Let f(n) and g(n) be asymptotically positive functions. Prove or disprove:

  1. o(g(n)) \cap \omega(g(n)) = \emptyset

  2. f(n) = O(g(n)) \implies 2^{f(n)} = O(2^{g(n)})

  3. f(n) + g(n) = \Theta(\min(f(n), g(n)))

  4. f(n) + g(n) = \Theta(\max(f(n), g(n)))
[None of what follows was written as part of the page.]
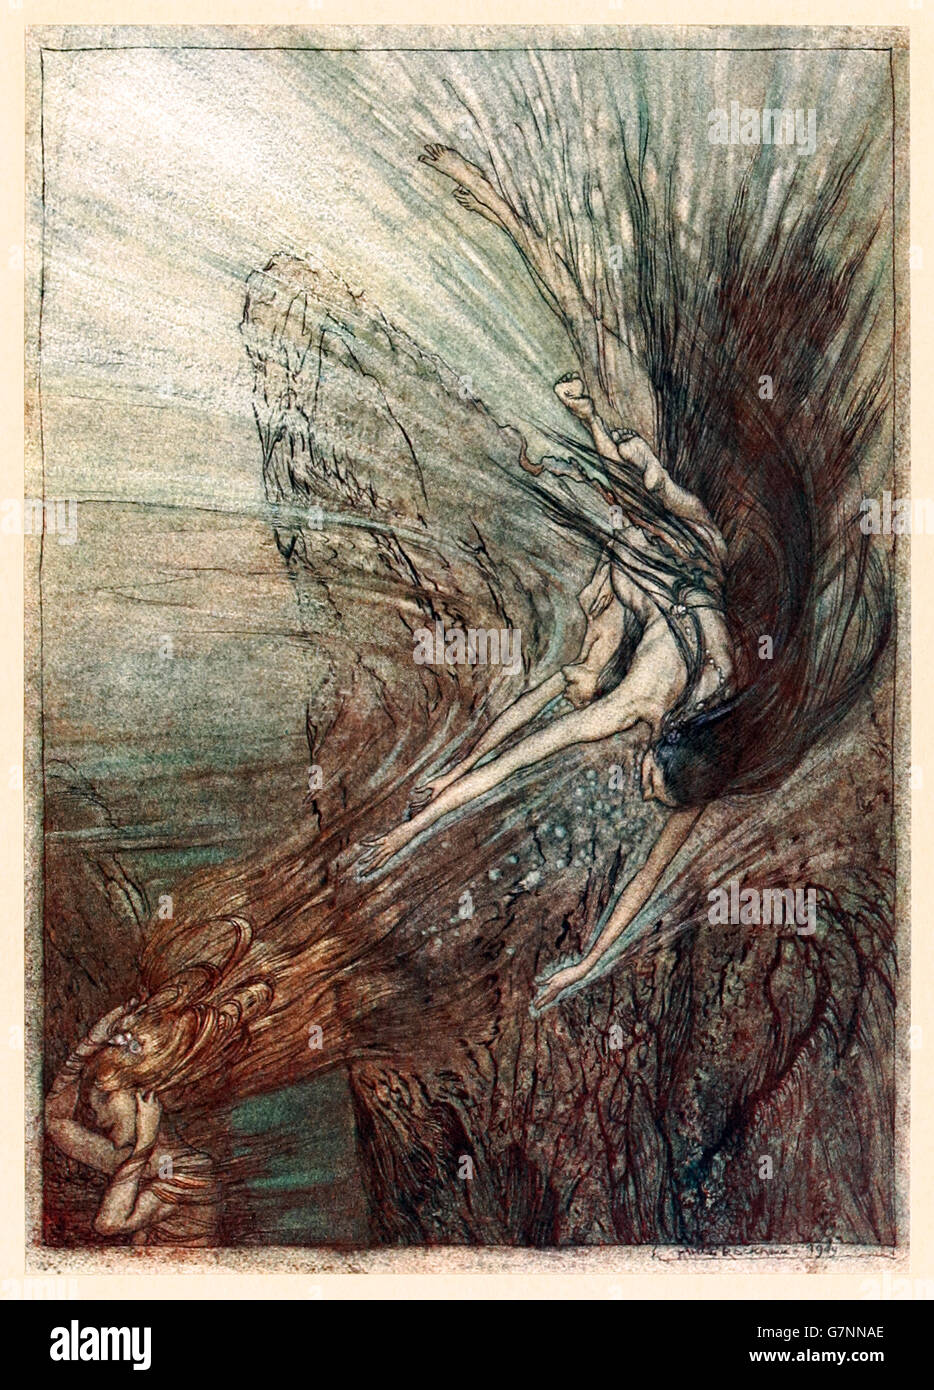 “The frolic of the Rhine-Maidens’ from ‘The Rhinegold & the Valkyrie’ illustrated by Arthur Rackham (1867-1939), published in 1910. In the greenish-blue depths of the river the Rhinemaidens are swimming about in play Stock Photo

(i) TRUE. If h(n) \in o(g(n)), then \lim_{n\to\infty} h(n)/g(n) = 0. If h(n) \in \omega(g(n)), then \lim_{n\to\infty} h(n)/g(n) = \infty. No function can satisfy both simultaneously. Hence the intersection is empty.

(ii) FALSE. Counterexample: f(n) = 2n, g(n) = n. Clearly 2n = O(n), but 2^{2n} = 4^n is not O(2^n) since \lim_{n\to\infty} 4^n/2^n = \lim_{n\to\infty} 2^n = \infty.

(iii) FALSE. Counterexample: f(n)=n, g(n)=n^2. Then f(n)+g(n)=\Theta(n^2) but \min(f(n),g(n))=n, and \Theta(n^2) \neq \Theta(n).

(iv) TRUE. Since \max(f(n),g(n)) \le f(n)+g(n) \le 2\max(f(n),g(n)) for all n, we have c_1=1, c_2=2, n_0=1. Thus f(n)+g(n)=\Theta(\max(f(n),g(n))).